Secondly, all the other past AFC Super Bowl representatives have a winning record in the big game (12-4 SU combined), so the prop that exists out there in what conference will win the Super Bowl, AFC or NFC, may want to see the AFC conference be the one to be sided with. That's even a way to support the Chiefs as well if you are looking to buck this history too.

NFC Super Bowl representatives that played AFC North, AFC South or AFC West non-conference games that year are a combined 2-9 SU in the Super Bowl

Couldn't only cast doubt on a KC repeat as one of the top contenders in the league, as this is a negative scenario for the NFC East winner (who cares), any NFC North team (Green Bay/Minnesota) and also any NFC South team that's got their eyes set on a Super Bowl run.

So one more title for the aging Aaron Rodgers in Green Bay, the older Drew Brees in New Orleans, and the even older Tom Brady in Tampa Bay has a steep incline up the historical mountain to overcome.

That's not to say any of these teams won't GET TO the big game this year (11 out of 18 times they have), but I'd be limiting my futures considerations on them to “win the conference” only for the most part.

The full breakdown and record in the Super Bowl for NFC Super Bowl representatives looks like this:

NFC Super Bowl representative vs AFC North foes in regular season: 0-3 SU in Super Bowl
NFC Super Bowl representatives vs AFC South foes in regular season: 1-3 SU in Super Bowl
NFC Super Bowl representatives vs AFC East foes in regular season: 4-3 SU in Super Bowl
NFC Super Bowl representatives vs AFC West foes in regular season: 1-3 SU in Super Bowl

That leaves good news for the NFC West teams in this scenario (Seattle, L.A. Rams, Arizona) as they are matched up against the AFC East teams this year, and if one of them could get to the big game it would be the third straight season that the NFC representative in the Super Bowl came from the NFC West.

The previous two – L.A. Rams in 2018, and San Francisco last year – came up short in their quests for a title, but they also didn't have the benefit of playing the AFC East teams that season like they do this year.

Furthermore, tying this back into an earlier note, with NFC West teams battling the AFC East this year, and the AFC North battling the NFC East this season (“same direction theory”), maybe a Pittsburgh/Cleveland/Baltimore versus a NFC West foe isn't all that hard to get behind.

Baltimore and Seattle were the only two teams from those respective divisions to make the playoffs a season ago, but had the playoff format been expanded like it is this season, Pittsburgh and the Rams would have been there as well.

Back in 2008, we had the Pittsburgh/Arizona Super Bowl that was so memorable for how each half concluded – with wild Pittsburgh TD's both times – and who knows, maybe we get a rematch of that game 12 years later.
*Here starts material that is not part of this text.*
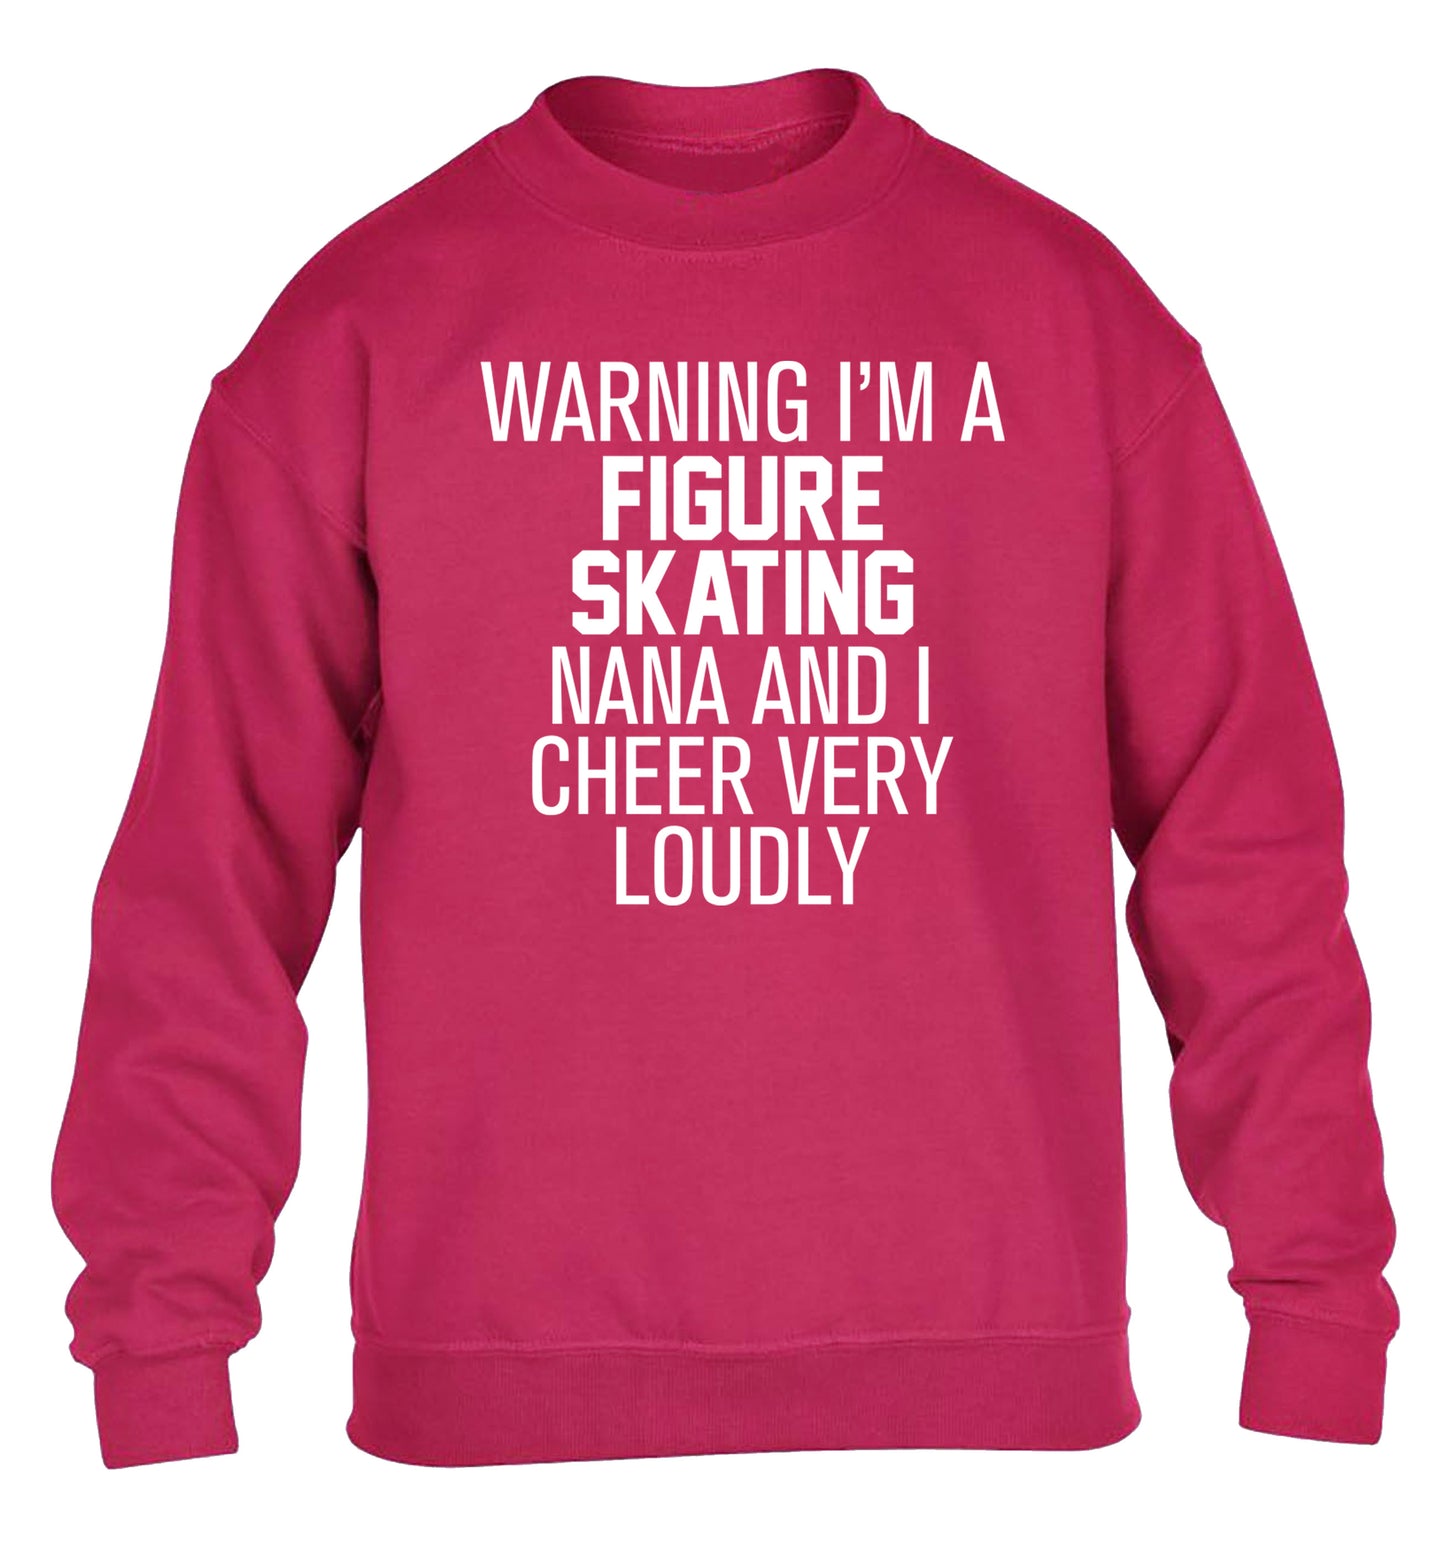 Warning I'm a figure skating nana and I cheer very loudly children's pink sweater 12-14 Years

The Cleveland Browns were the only one of those six contenders not to start the year 1-0 SU which is a plus for everyone else, but Cleveland, along with Pittsburgh, Seattle, and the Rams were the only four in that group to have four or fewer losses after Thanksgiving as well.

So if Tennessee is looking rather attractive as an addition to any futures portfolio with the positive history on their side discussed earlier, it looks as though the Seattle Seahawks have just as many things lining up for them as well.

Recent weeks have shown to me that Seattle has “morphed” out of being the “One Man Army” team I labelled them as earlier, with their defense becoming a much bigger strength for them.

If the Seahawks keep up that kind of play on that side of the ball, then a third Super Bowl appearance for the Pete Carroll/Russell Wilson duo may be in the works as well. The Seahawks are currently around +500 to win the NFC, and +1200 to win it all.